The principles of treatment of peripheral nerve sheath tumours in dogs include excision of the tumour (and nerve), limb amputation and laminectomy when nerve roots are affected (Bradley et al. 1982). Much of the current knowledge regarding management of peripheral nerve sheath tumours is extrapolated from treatment of soft tissue sarcomas, with the recommendation being to perform a wide local resection with 2 to 3 cm margins (Dernell et al. 1998). Resection of soft tissue sarcomas with complete margins resulted in a median survival time of 1416 days (Dernell et al. 1998). In dogs that have tumours affecting the brachial plexus, the reported median survival time is 12 months with amputation alone, and only 5 months in cases affecting the intervertebral foramen (Brehm et al. 1995). There is one case report in which epineurotomy was reported for a canine malignant peripheral nerve sheath tumour affecting the radial nerve but this only provided relief from clinical signs for 4 months (Gibson et al. 2016). The ulnar nerve divides into caudal cutaneous antebrachial (palmar) and dorsal branches (Bailey & Kitchell 1987). The palmar branch innervates the caudolateral aspect of the antebrachium, while the test site for the dorsal branch is the lateral surface of the fifth digit (Bailey & Kitchell 1987). The ulnar nerve from the level of the medial epicondyle of the humerus is responsible for motor innervation of the flexor carpi ulnaris and deep digital flexor muscles (Evans & DeLahunta 2010). Signs of sensory or motor deficits were not detected in our case, although there was atrophy of the muscles palmar to the metacarpus on the follow‐up MRI that was not apparent during physical examination. Ulnar nerve injury is reported to cause hyperextension of the carpus when weight‐bearing on the limb (Hoerlein 1978). We suspect that there were no detectable abnormalities on follow‐up examination because the radial nerve (innervates extensors of the thoracic limb) was intact (Hoerlein 1978).

Peripheral nerve sheath tumours affecting the distal limb are rare, and due to the higher incidence of more proximal tumours most authors advocate amputation to ensure complete surgical margins (Targett et al. 1993). There are few indications for neurectomy and the functional outcome depends on the structures that the nerve innervates. In this particular case, we were able to demonstrate that the ulnar nerve can be resected without significantly affecting limb function.

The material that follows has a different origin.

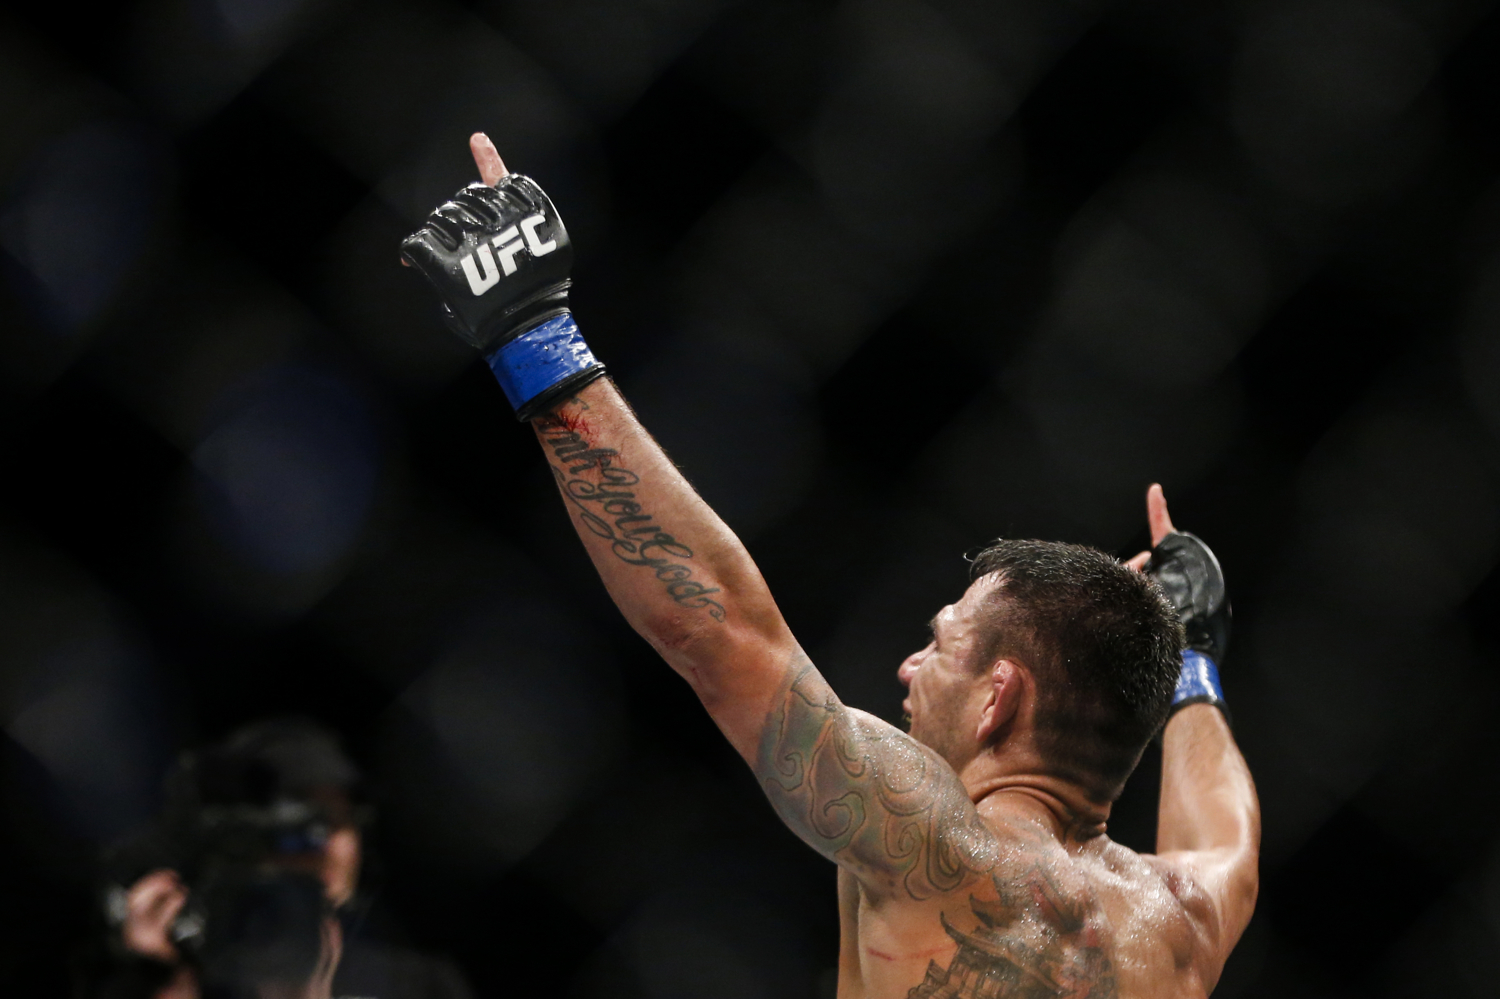  Rafael dos Anjos of Brazil celebrates his welterweight bout win over Tarec Saffiedine of Belgium at the UFC Fight Night at the Singapore Indoor Stadium on June 17, 2017.

The findings in this case suggest that ulnar neurectomy could be an alternative to thoracic limb amputation in selected cases of benign peripheral nerve sheath tumours. Limb function was unaffected by removal of the palmar branch of the ulnar nerve, and relevant neuroanatomy should be considered in cases of distally located peripheral nerve sheath tumours that may be amenable to tumour excision.

Conflict of interest

No conflicts of interest have been declared.